= Code 60 flag =

Motorsport safety procedure

A visual representation of the Code 60 board.

Code 60 (also known as a slow zone) is a safety procedure used in motorsport. An alternative to the safety car or full-course yellow, the procedure is designed to neutralise isolated sections of a circuit when an incident occurs rather than the whole track.

==History==
The system was created by Huub Vermuelen and the Dutch National Racing Team in the late-2000s. Instead of freezing races behind a safety car and closing all of the gaps between the competitors when circuit conditions are deemed unsafe, the Code 60 slows competitors to a set speed in section/s of a circuit where it is not safe to continue at racing speed, thereby allowing racing to continue in unaffected parts of the track.

Having been initially trialled at Zandvoort, its first major implementation came at the Dubai 24 Hour in the early-2010s. Creventic, the operator of the Dubai 24 Hour, has since adopted the procedure for all events in its 24H Series competition. The Code 60 practice was also adopted on the Nürburgring for its NLS and 24-hour events as the track is too long for safety cars to be effective. In 2016, Motorsport UK adopted the procedure for domestic club racing.
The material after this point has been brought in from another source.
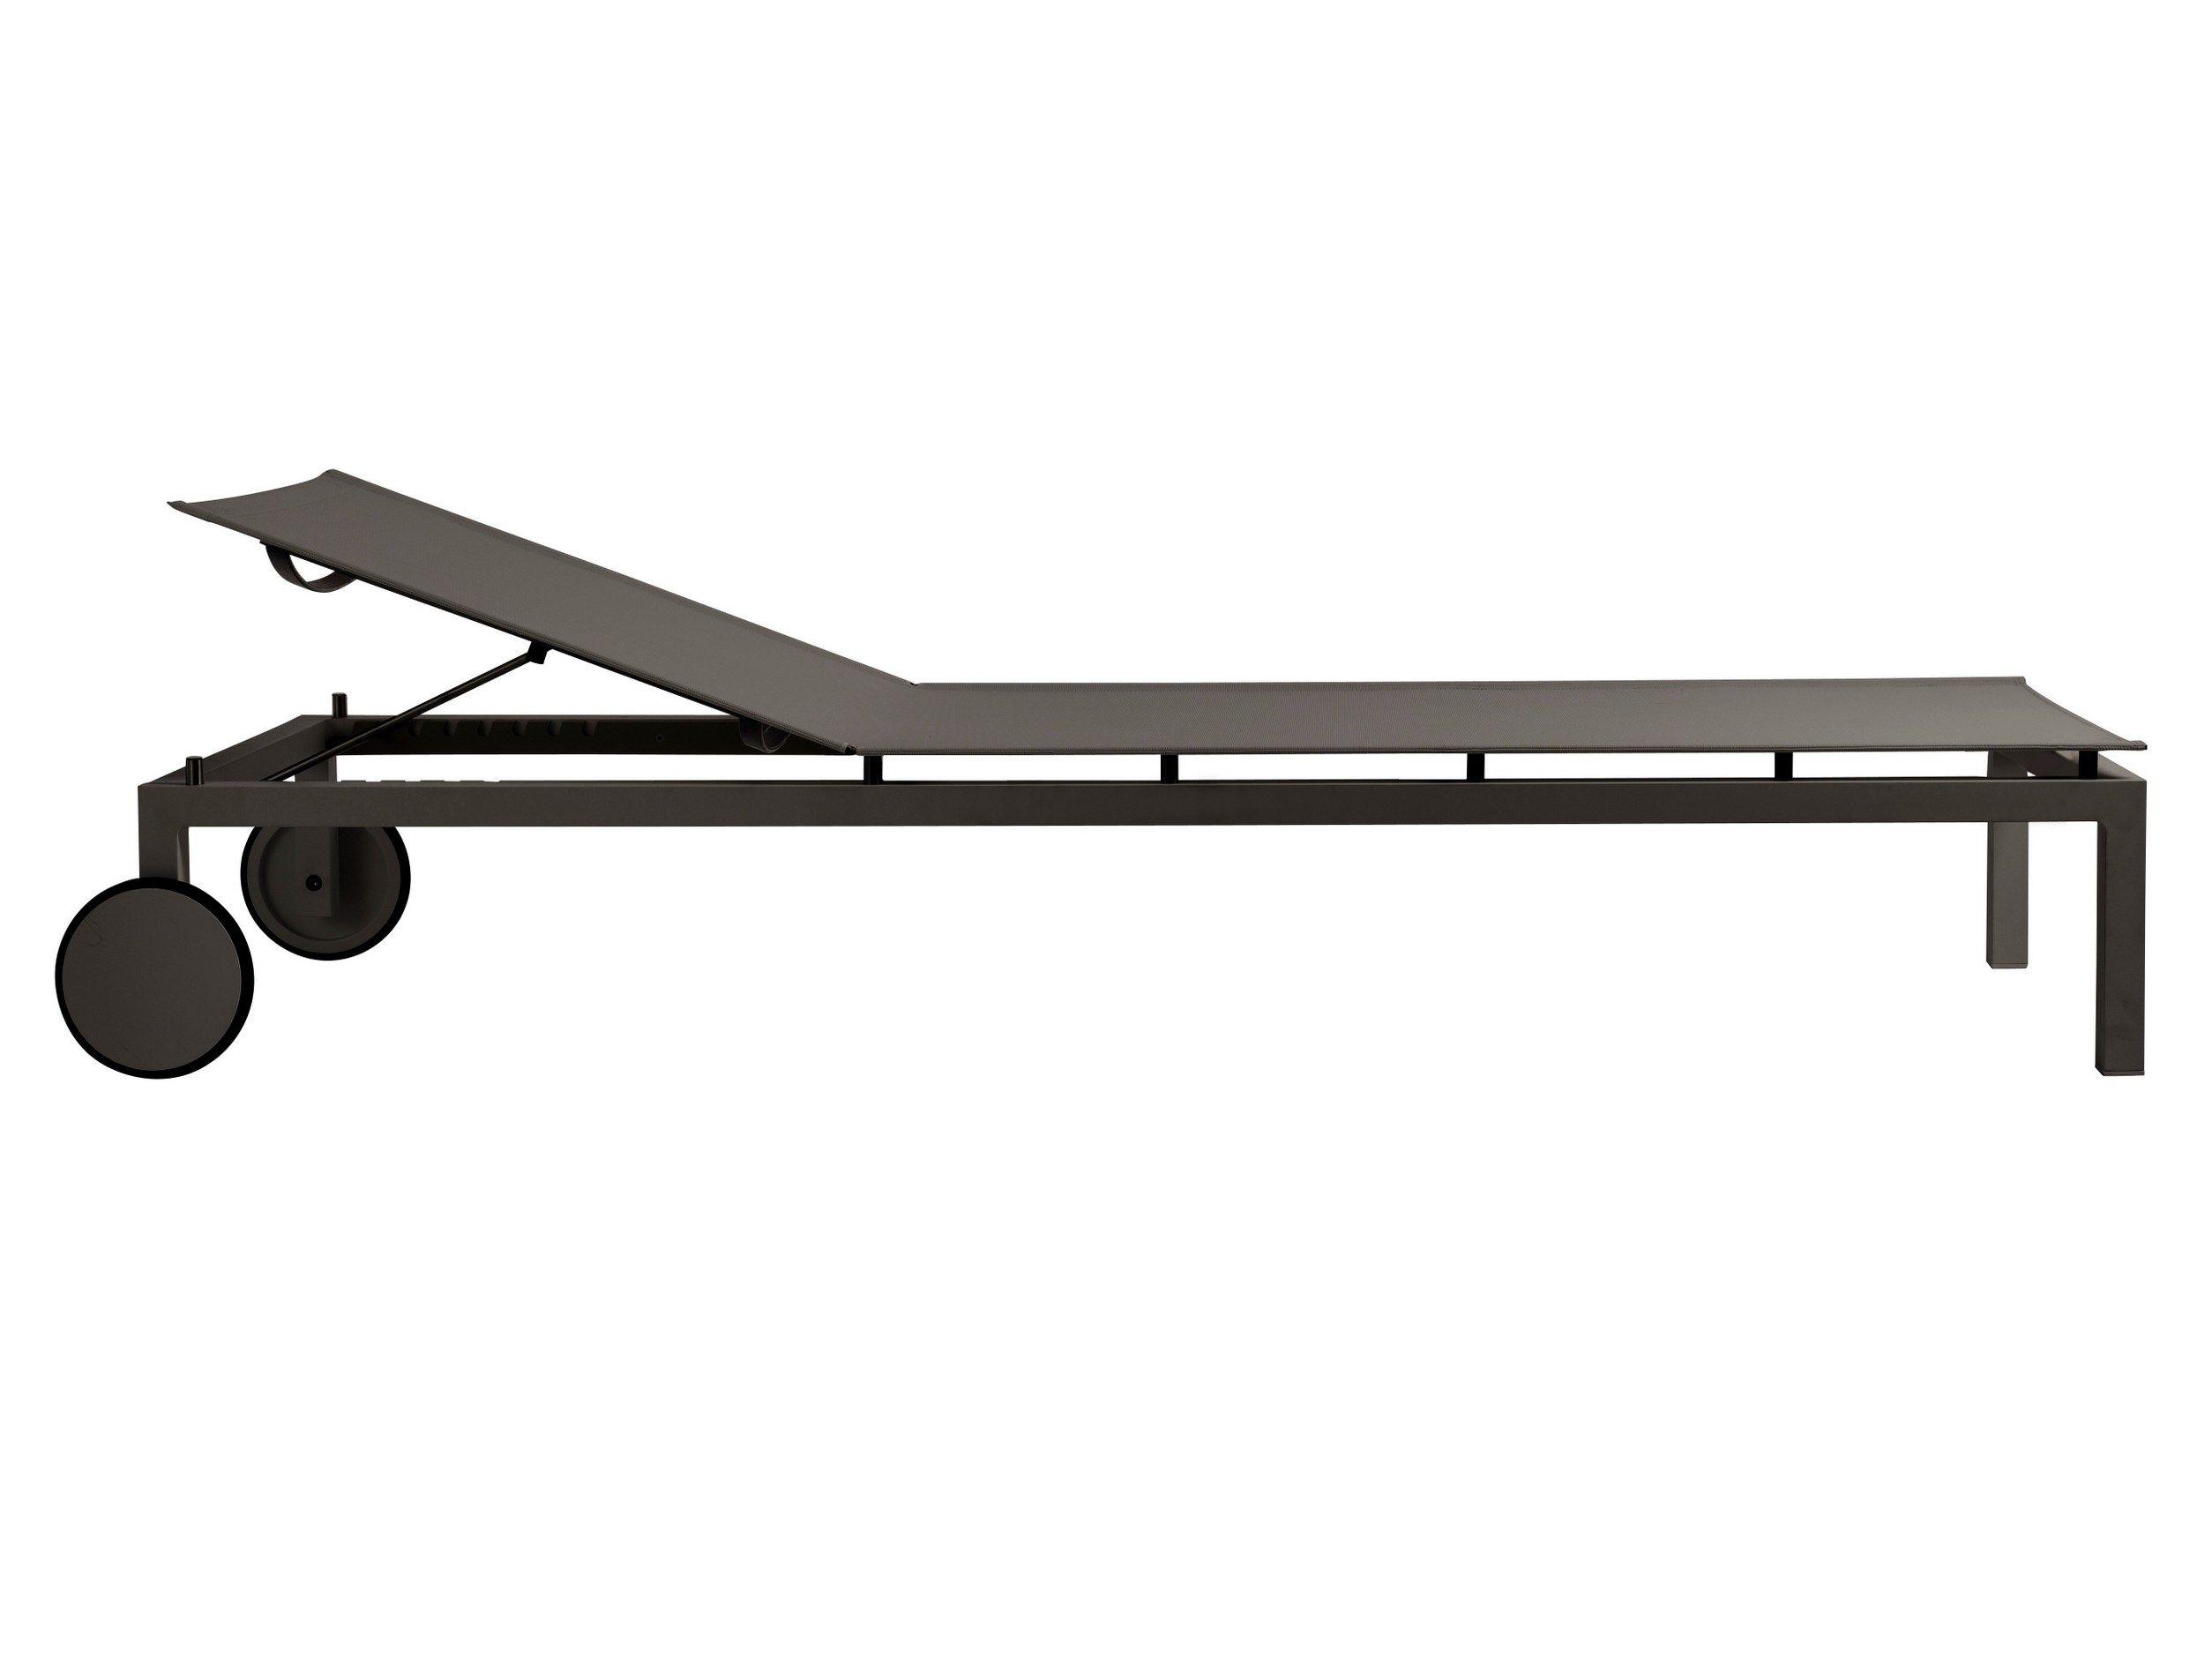 gartenliege mit rollen gartenliege zirena aus metall mit. Black Bedroom Furniture Sets. Home Design Ideas

Code 60 procedure is considered advantageous because they maintain the race order without affecting gaps between the cars, whilst also keeping competitors and marshals safe; however, Code 60s can also be viewed as detracting from the entertainment value of races, given safety car periods bunch competitors together and encourage close racing on restarts.

===In operation===
At the Nürburgring, a slow zone is implemented as follows:
- Two marshals' posts before an incident, a single yellow flag will be waved to caution drivers of an approaching hazard.
- At the intermediary marshals' post, double-waved yellow flags will be displayed. This requires drivers to slow to 120kph and prepares them to negotiate the incident site.
- At the marshals' post affected by the incident, a single yellow flag will be displayed alongside the pink Code 60 board. Drivers must slow to 60kph and maintain that speed through all the marshals' posts that are affected by the incident.
- At the first marshals' post clear of the incident, a green flag will be shown and drivers can return to racing speed.